Penunjukan SDGT berfokus terutama pada keuangan individu atau kelompok. Dalam hal ini, mereka akan membekukan aset Houthi di Amerika dan melarang warga Amerika melakukan transaksi keuangan dengan kelompok tersebut.

Dan meskipun “hukuman perdata dan pidana dapat dikenakan atas pelanggaran yang dilakukan”, penetapan tersebut memiliki cakupan yang lebih sempit dibandingkan label kedua yang diberlakukan pemerintahan Trump terhadap Houthi: yaitu “Organisasi Teroris Asing” atau FTO.

Label tersebut menjadikan memberikan dukungan kepada kelompok yang masuk daftar hitam sebagai kejahatan serius.

“[Penunjukan SDGT] ini bersifat minimal: membatasi akses terhadap dana dari luar negeri, akses ke pasar internasional. Ini adalah hal-hal yang tidak dimiliki dan tidak pernah dimiliki oleh Houthi. Mereka tidak memiliki saham di Bursa Efek New York,” kata Nabeel Khoury, mantan wakil kepala misi di Kedutaan Besar AS di Yaman.

Namun demikian, Khoury mengatakan kepada Al Jazeera bahwa Houthi kemungkinan besar tidak akan membedakan antara penetapan SDGT atau FTO dan akan melihat keputusan hari Rabu itu sebagai penghinaan yang dapat menyebabkan eskalasi lebih lanjut.

Beberapa jam setelah penunjukan tersebut diumumkan, kelompok Houthi mengatakan mereka menembakkan “rudal angkatan laut” ke sebuah kapal Amerika di Teluk Aden.
Komando Pusat AS kemudian mengkonfirmasi bahwa Genco Picardy yang dimiliki dan dioperasikan AS terkena serangan, menyebabkan beberapa kerusakan tetapi tidak ada korban luka.

“Sungguh membingungkan apa yang dilakukan pemerintahan ini. Saya rasa tidak banyak pemikiran yang membahas hal ini,” kata Khoury.

“Penunjukan ini lebih seperti sebuah penghinaan. Itu adalah sarung tangan tua di wajah, tampar seseorang dengan sarung tangan Anda.
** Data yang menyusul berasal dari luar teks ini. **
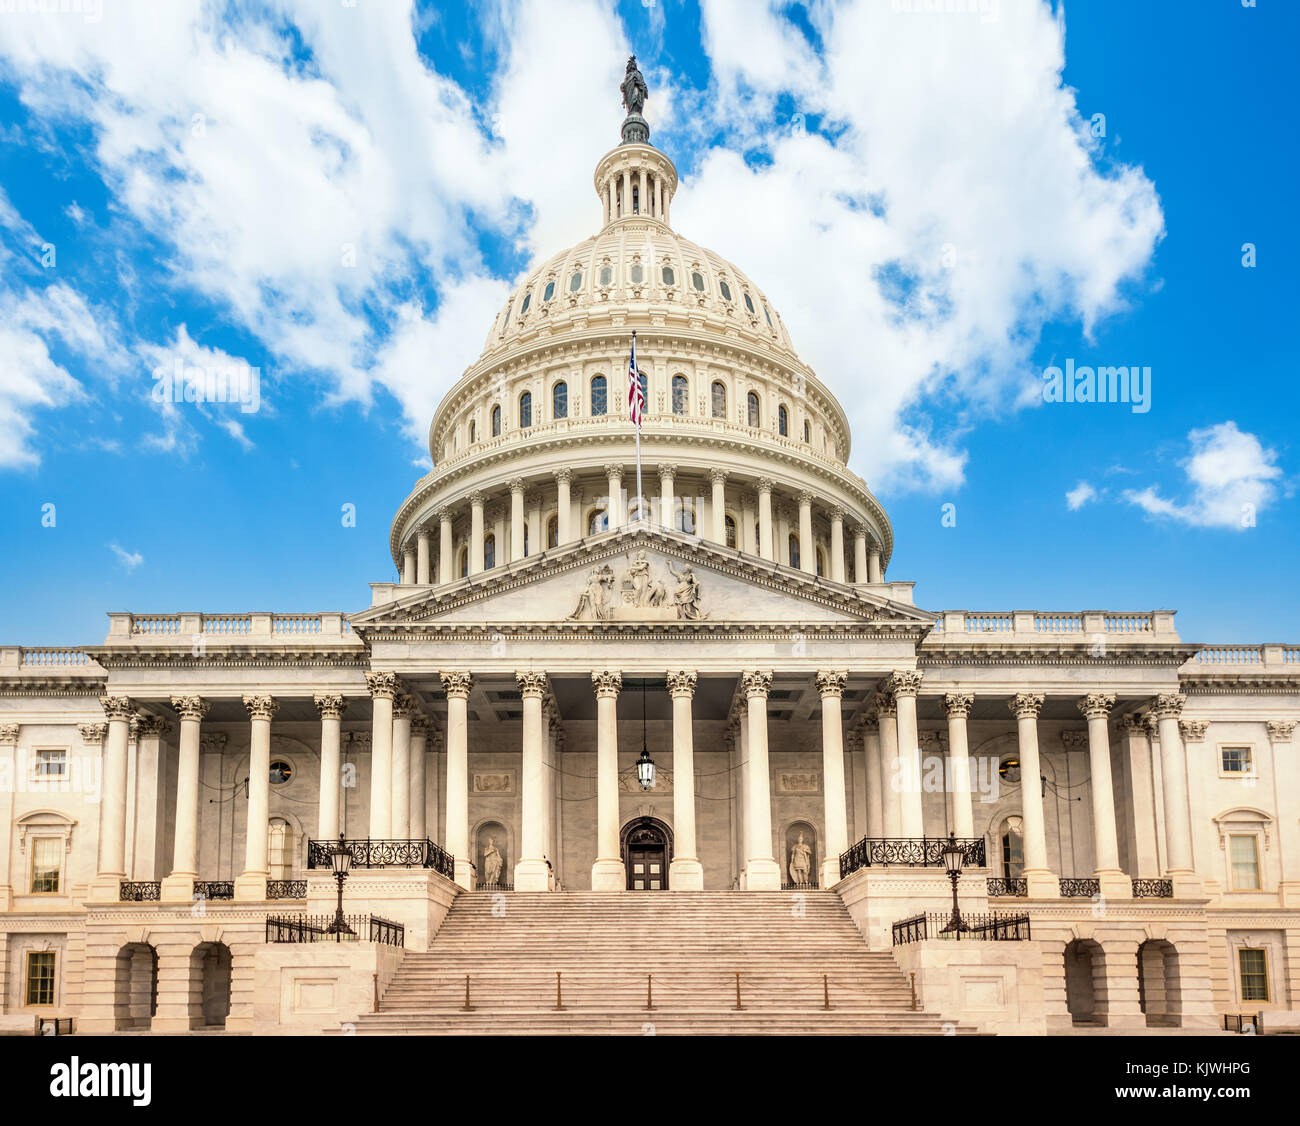 El edificio del Capitolio de los Estados Unidos en Washington DC - la fachada oriental de la famosa us landmark. Foto de stock

Anda agak menantang, tetapi tidak terlalu menyakiti mereka.”

Nasser juga memperingatkan bahwa status teroris tersebut dapat semakin menguatkan kelompok Houthi dan “berkontribusi dalam radikalisasi beberapa bagian masyarakat dan memperkuat sistem perekrutan Houthi”.

Perburuk Rakyat Yaman

Namun, meski penetapan SDGT “lebih sempit” dibandingkan FTO, pemerintahan Biden sadar “bahwa sanksi ini dapat memperburuk keadaan rakyat Yaman”, kata Finucane.

Hal ini karena lembaga keuangan dan organisasi kemanusiaan “kemungkinan akan sangat berhati-hati dalam berinteraksi dengan kelompok Houthi di Yaman”, terutama sampai aturan yang jelas mengenai penunjukan kembali tersebut ditetapkan, jelas Finucane.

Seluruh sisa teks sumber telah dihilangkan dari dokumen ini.